* Activity: Reproduce all the records word for word. Omit images.

* Source information:
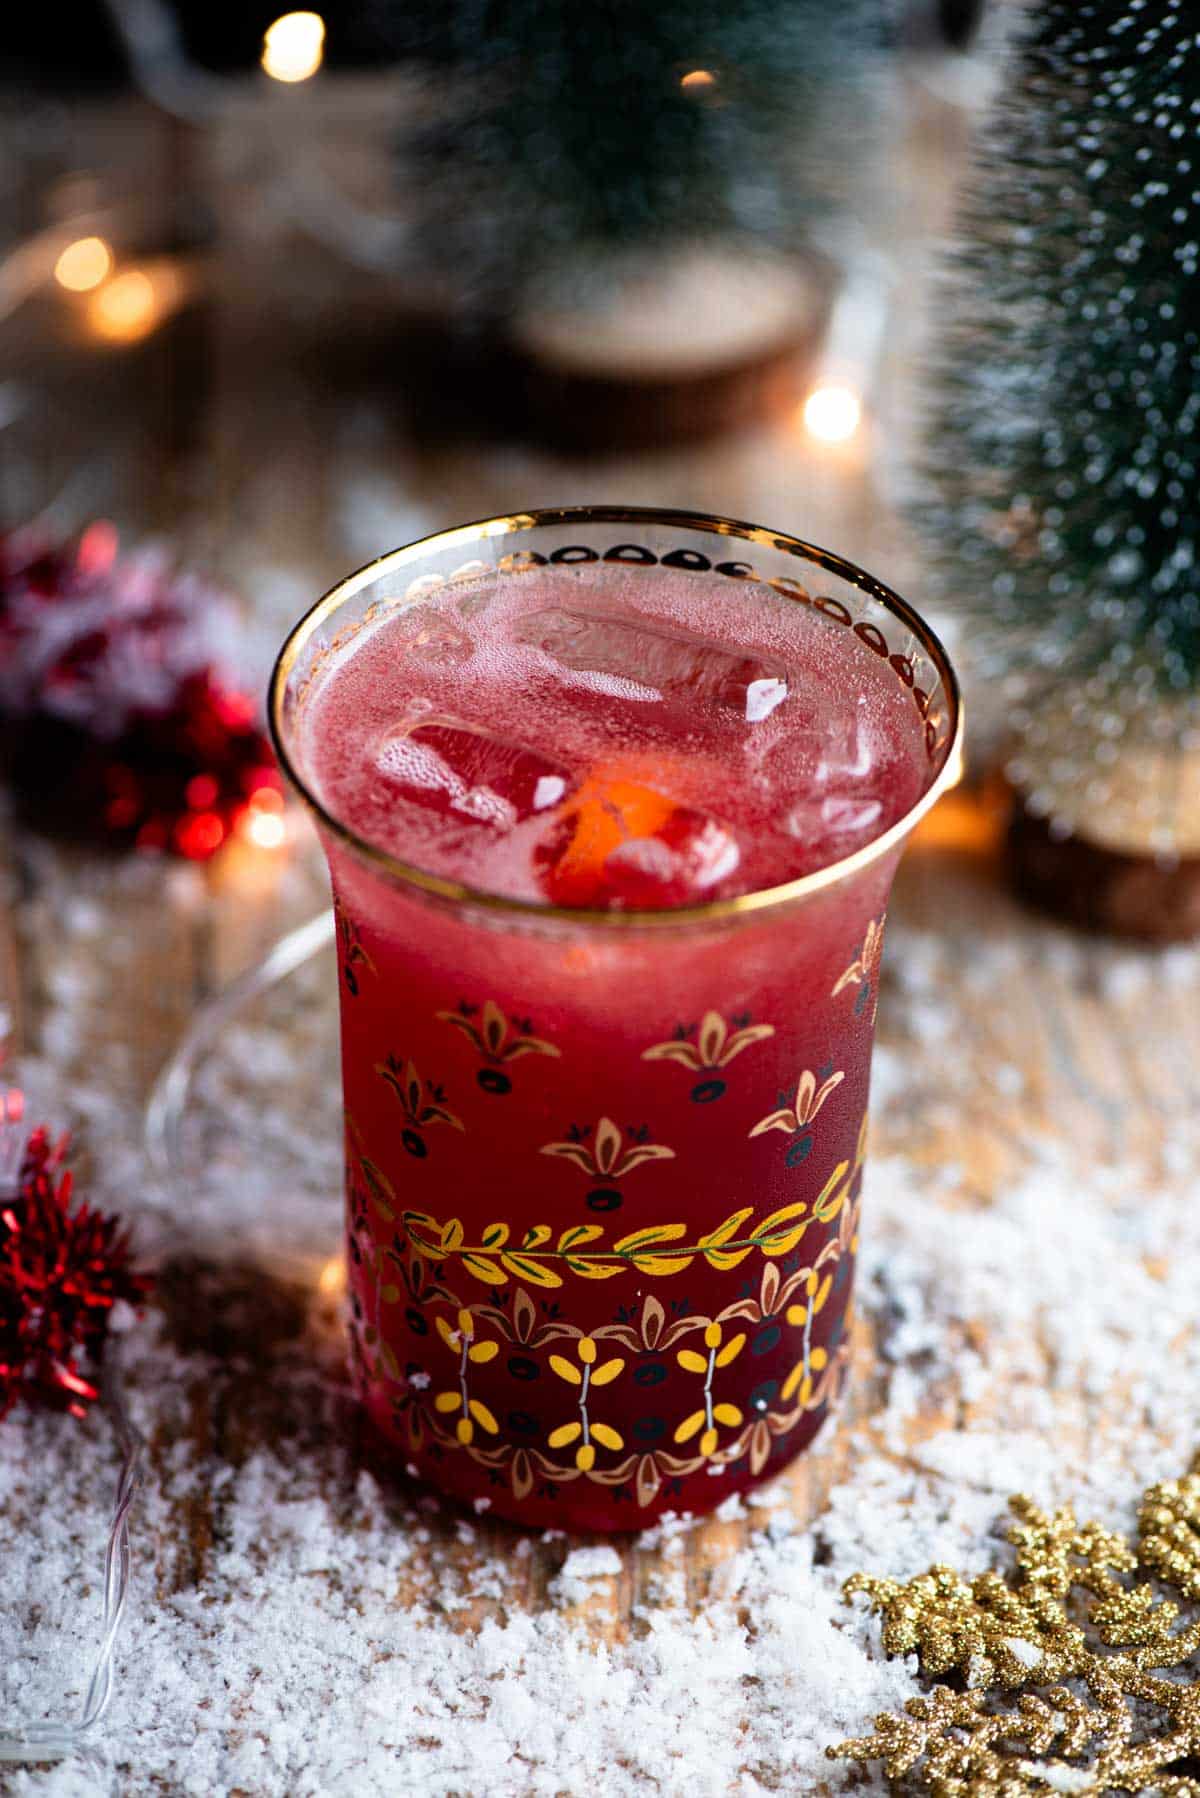 A close up of a Cranberry and Prosecco cocktail in a glass with snow and Christmas decorations all around.
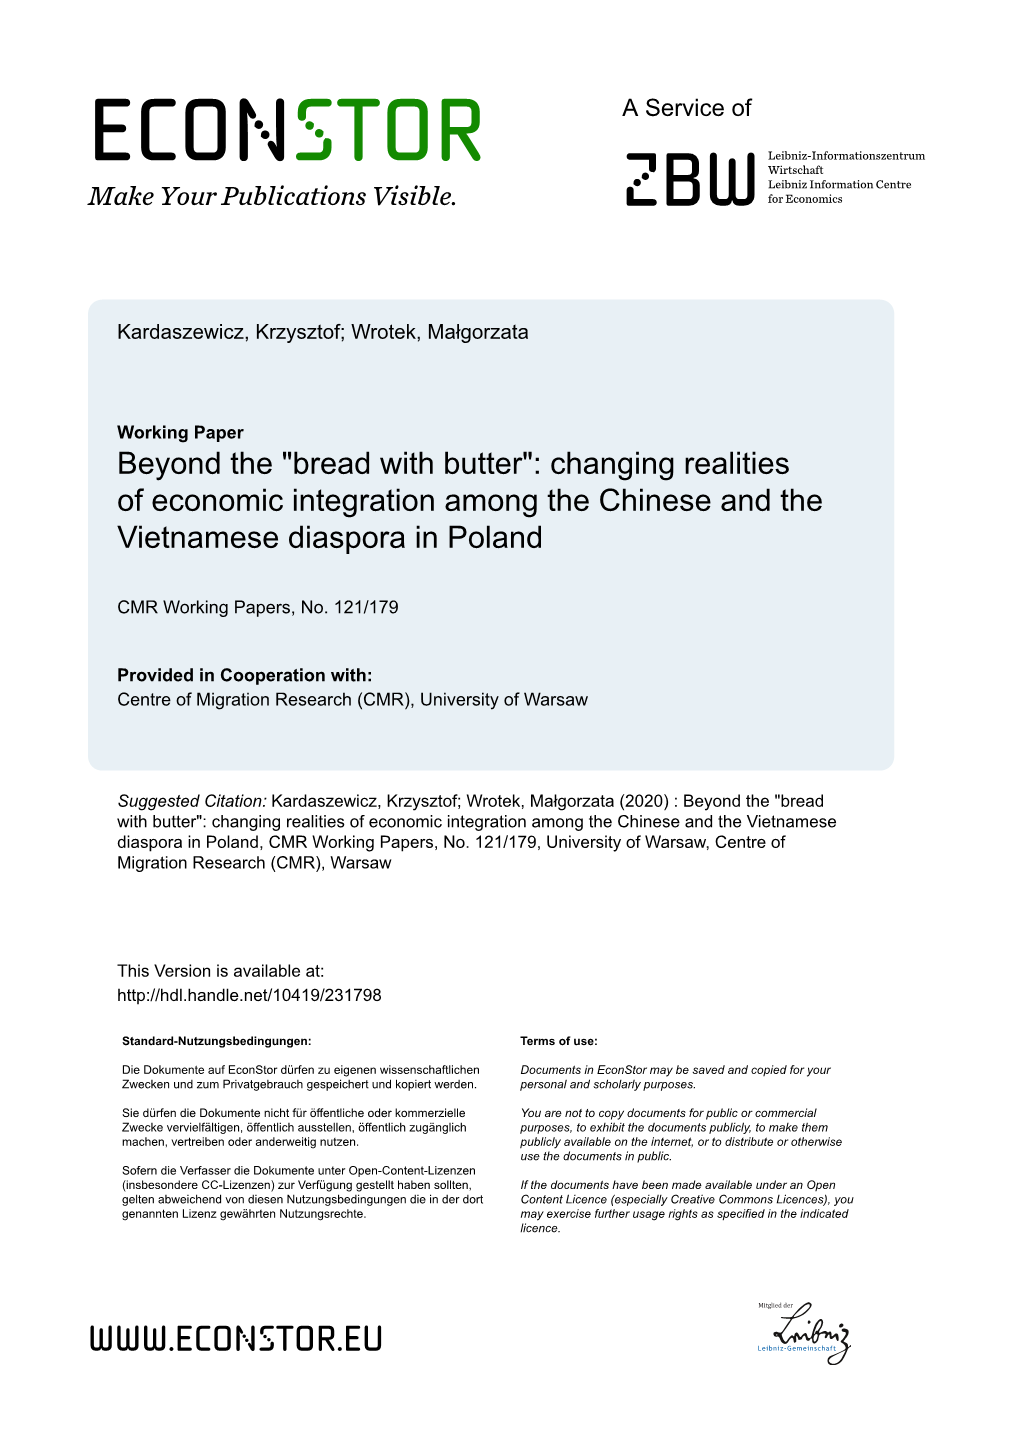 Changing Realities of Economic Integration Among the Chinese and the Vietnamese Diaspora in Poland
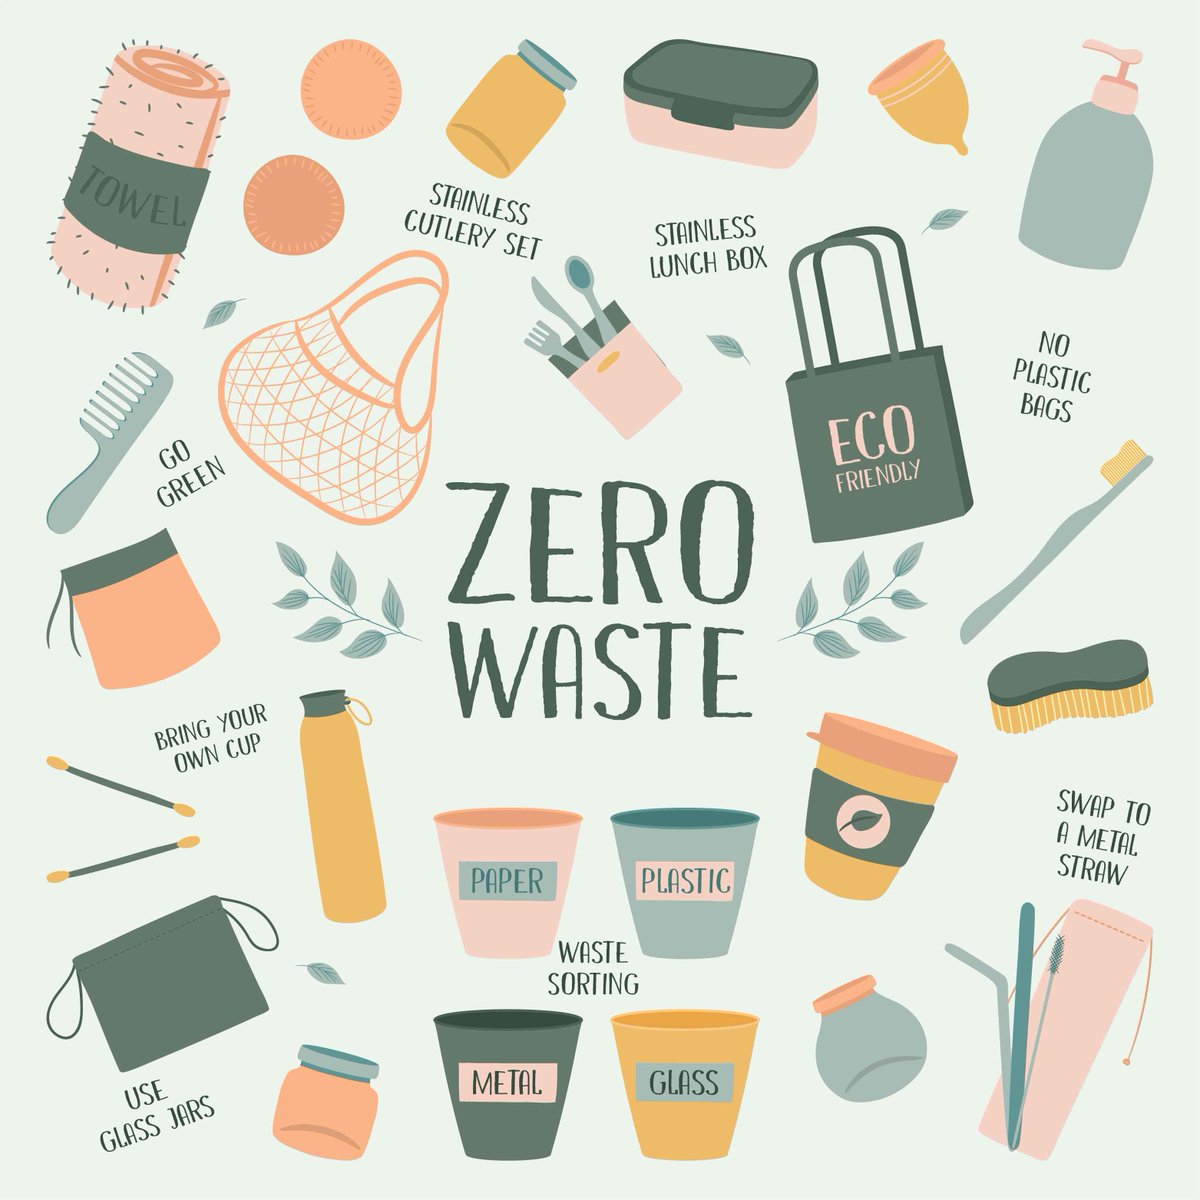 🍀🍀💚💚Reducing, Reusing and Recycling can be a key part of a climate change!!🍀🍀💚💚

ecozonelifestyle.com

#ecofriendlyproducts #plasticproject #plasticfreeliving #zerowastehome #ecoblogger #zerowasteliving #naturalskincare #plasticfreeforever #zerowastecollective

* Expected answer:
 A close up of a Cranberry and Prosecco cocktail in a glass with snow and Christmas decorations all around.
 Changing Realities of Economic Integration Among the Chinese and the Vietnamese Diaspora in Poland
 🍀🍀💚💚Reducing, Reusing and Recycling can be a key part of a climate change!!🍀🍀💚💚

ecozonelifestyle.com

#ecofriendlyproducts #plasticproject #plasticfreeliving #zerowastehome #ecoblogger #zerowasteliving #naturalskincare #plasticfreeforever #zerowastecollective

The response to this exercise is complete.